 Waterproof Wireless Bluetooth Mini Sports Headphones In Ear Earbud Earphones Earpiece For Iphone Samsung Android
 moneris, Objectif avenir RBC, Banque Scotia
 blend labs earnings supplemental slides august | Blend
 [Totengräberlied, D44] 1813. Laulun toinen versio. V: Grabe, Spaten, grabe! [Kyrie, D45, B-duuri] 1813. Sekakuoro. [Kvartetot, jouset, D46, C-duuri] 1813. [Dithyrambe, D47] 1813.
********************
**Work order**
Print the data in full. Match it exactly.

**Result below**
 Waterproof Wireless Bluetooth Mini Sports Headphones In Ear Earbud Earphones Earpiece For Iphone Samsung Android
 moneris, Objectif avenir RBC, Banque Scotia
 blend labs earnings supplemental slides august | Blend
 [Totengräberlied, D44] 1813. Laulun toinen versio. V: Grabe, Spaten, grabe! [Kyrie, D45, B-duuri] 1813. Sekakuoro. [Kvartetot, jouset, D46, C-duuri] 1813. [Dithyrambe, D47] 1813.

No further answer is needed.